その凶行を止める為とはいえ、既に起こってしまったことを考えると、やはり辛い。
しかしそうも言ってはいられない。
「実は彼らの縄張りは、わかっているの。街道から少しはずれた小道から、その先にある滝まで。ただ、彼らが誰か、とまではわからないわ。だから皆さんにはその縄張りの中で、片っ端からそれっぽい人達に口やかましく注意をして、次のターゲットが自分たちになるよう仕向けた上で、返り討ちにしてほしいの」
そこで、大きな息を一つ。
「……危険な仕事になるかもしれないけれど、マスカレイドが引き起こす悲劇を止めるため、皆さんの力を貸して? あ、でも、ターゲットはあくまでマスカレイドであって、そうではない人間もいるわ。

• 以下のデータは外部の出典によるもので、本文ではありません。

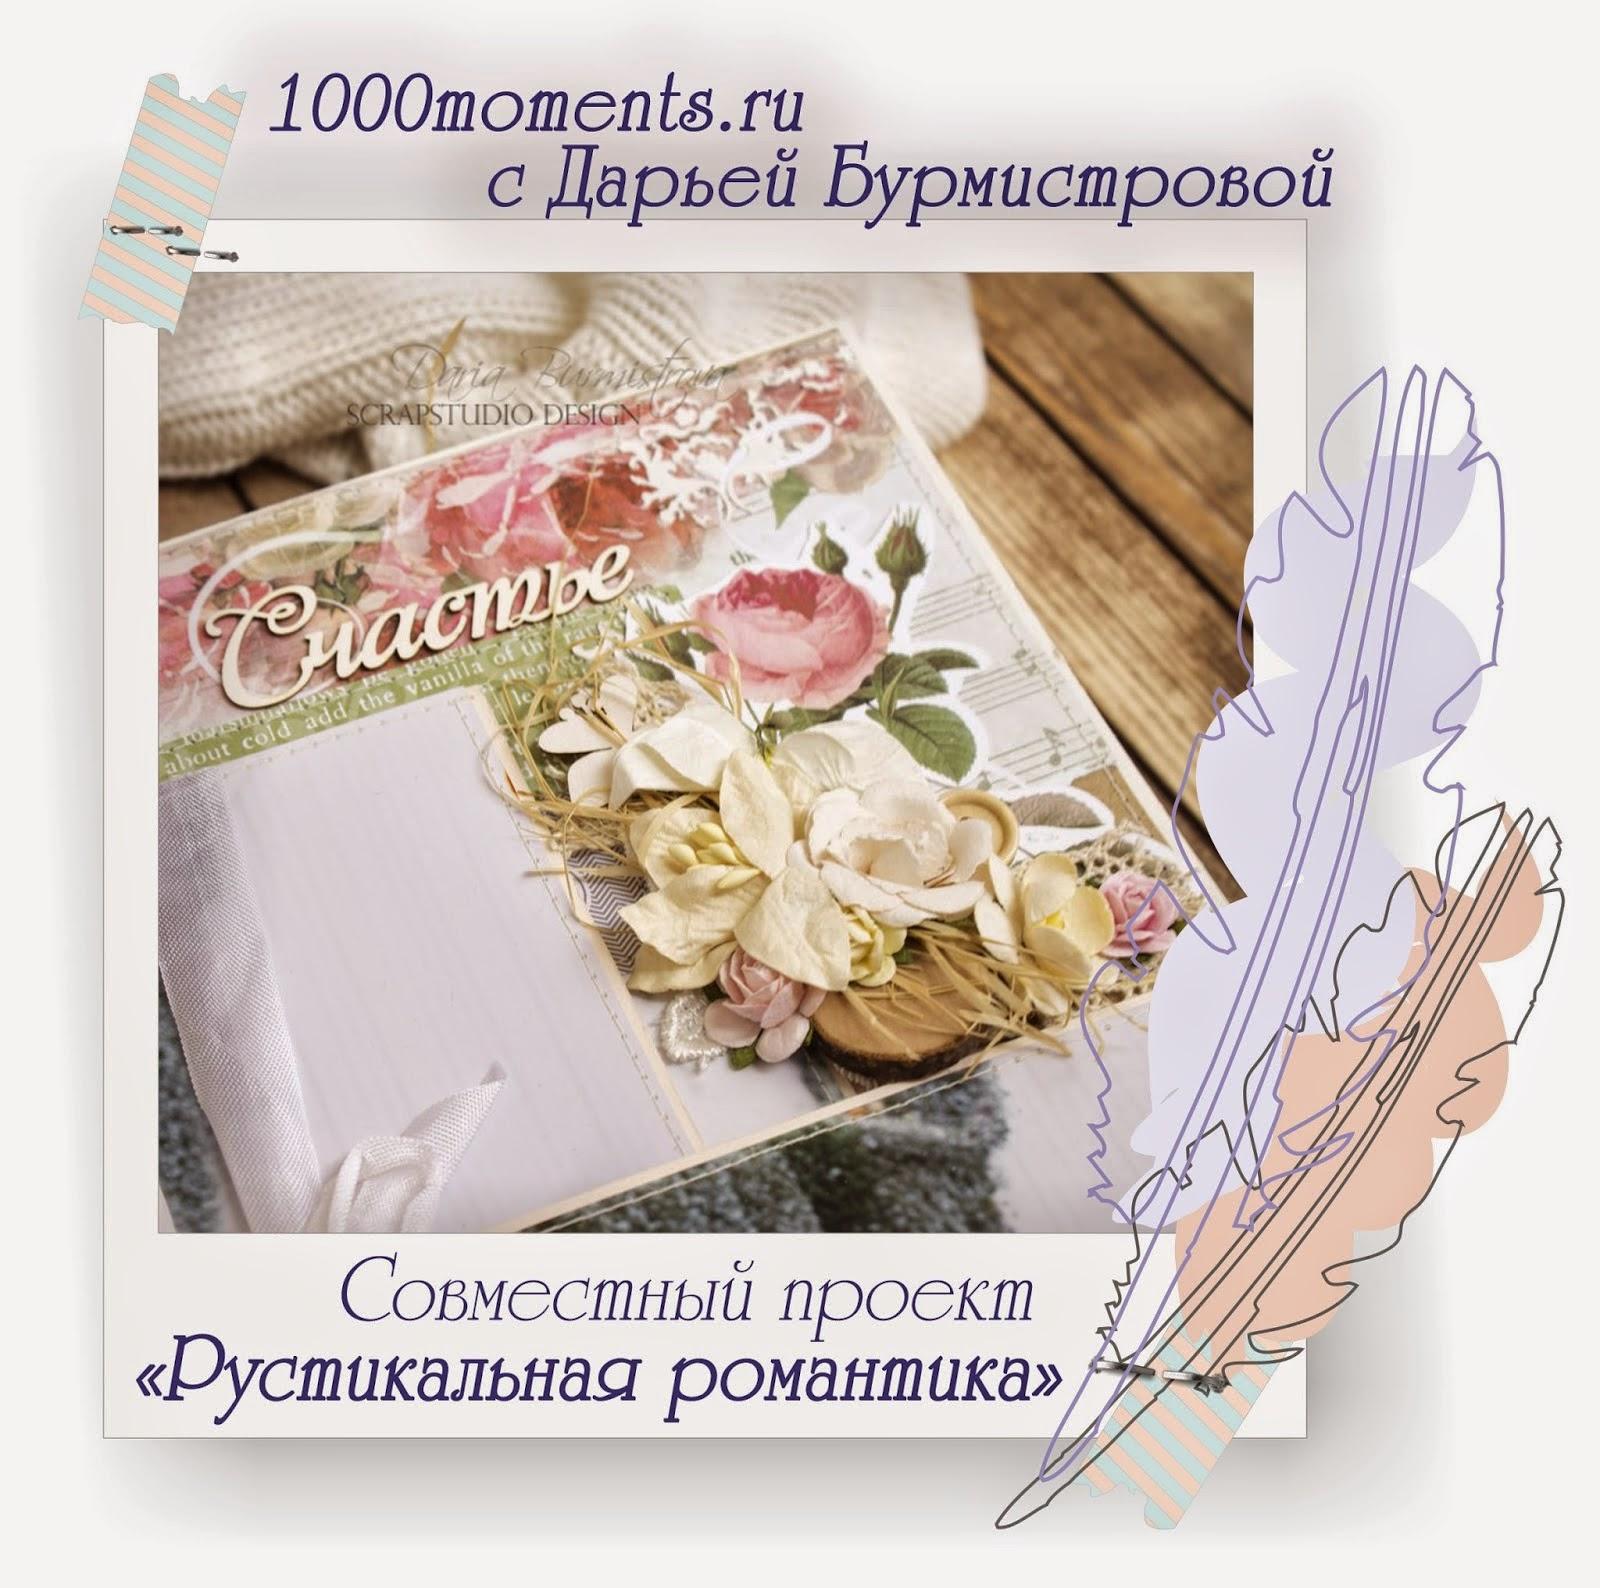 СП Рустикальная романтика

その人達の命はできるだけとらないようにしてもらえると嬉しいんだけど……」
そして深々と礼をすると、フローラは最後に「よろしく、ね」とだけ付け加えた。
●マスターよりはじめまして、湯豆腐と申します。この度は、「エンドブレイカー!」のシナリオに参加いただきありがとうございます。 さて、フローラの情報を纏めると以下のようになります。 1.近々、マスカレイドに殺される人物がいる(オープニングでは母娘としていますが、実際皆さんが依頼を受けた時には誰が殺されるのかわかっていません) 2.不良グループのボス、手下何人かがマスカレイド 3.縄張りの中でそれっぽい人達に口やかましく注意をして、おびき寄せた上で返り討ちにする 4.一般人はなるべく殺さない また、湯豆腐からの情報としては、 1.不良グループのボス、手下がマスカレイド化すると、拳が鉄のように硬くなり、その拳を振り回しながらなりふり構わず殴りかかってくる 2.フェイントなどは特になく、ストレートに攻撃してくる 3.縄張りには、それっぽい人達が割といるので、手当たり次第に口やかましく注意する必要がある となります。 以上です。 それでは皆様の参加、お待ちしております。 |
<参加キャラクターリスト>
● 鞭の魔法剣士・ア(c01635)
● 鞭の魔法剣士・ミーシャ(c01637)
● ナイフのスカイランナー・ビヘイビア(c01731)
● 大剣の城塞騎士・リィナ(c01845)
● 暗殺シューズのスカイランナー・エリステル(c02175)
● 杖のデモニスタ・ヒース(c02449)
● アックスソードの魔獣戦士・ソウシ(c02860)
● 弓の狩猟者・マデリル(c03849)
● エアシューズのスカイランナー・アルト(c04129)
<プレイング>
● 太刀の狩猟者・ゼソラ(c00451)
斬捨御免☆モヒ狩り隊として行動なのですよ、ええ
アルト君とビヘイビアさんと御一緒して街を徘徊(巡回)ですねい
モヒに限らず駄目っぽい人とか残念な人とか片っ端から喧嘩を売ります
目が合ったら殴る的なノリで
え?やりすぎ?
ぢゃあ、仕方ないですね
モヒだけ狩りますか
峰打ちなら多分きっと大丈夫
倒した後はヒースさん作のビラを顔に張って転がしておきましょう
数が三人以上なら合流予定の滝まで誘導ですかねぇ
大人しくファルコンスピリットを上空へ放ちつつ移動になるかと
若しくは大人しくせず、笑顔でモヒに近づいて股間蹴り上げてから逃走しつつ上空にファルコンですかね
きっと頭の良いファルコンの筈なので皆を呼びに行ってくれる事でしょう
本命に当たった時は滝まで誘導する事を目標として、挑発しまくってワザと派手に避けたりしながら引っ張りましょう
戦闘時は敵との距離でアビリティの遠近を使い分けて皆さんの援護です
敵の攻撃は武器で受け流す方向で
● 鞭の魔法剣士・ア(c01635)
ヒース&ソウシと同じ親切の押し売り班、またの名をウザ班。
おじさんはあれだ、なんかヒースがやってるの後ろで見ながら、
仮面の下で死んだ魚の目と心の中で鼻ほじピッしながら、
ダルそ〜に慈善ぶってるよ、うん。
「つかよ、おじさんあれくらいの頃、むしろモヒたち側だった気すんわ……」
おじさん基本ヤル気無い駄目大人なんでビラがあるならビラくしゃっと丸めてポイしちゃおかな、モヒの方に。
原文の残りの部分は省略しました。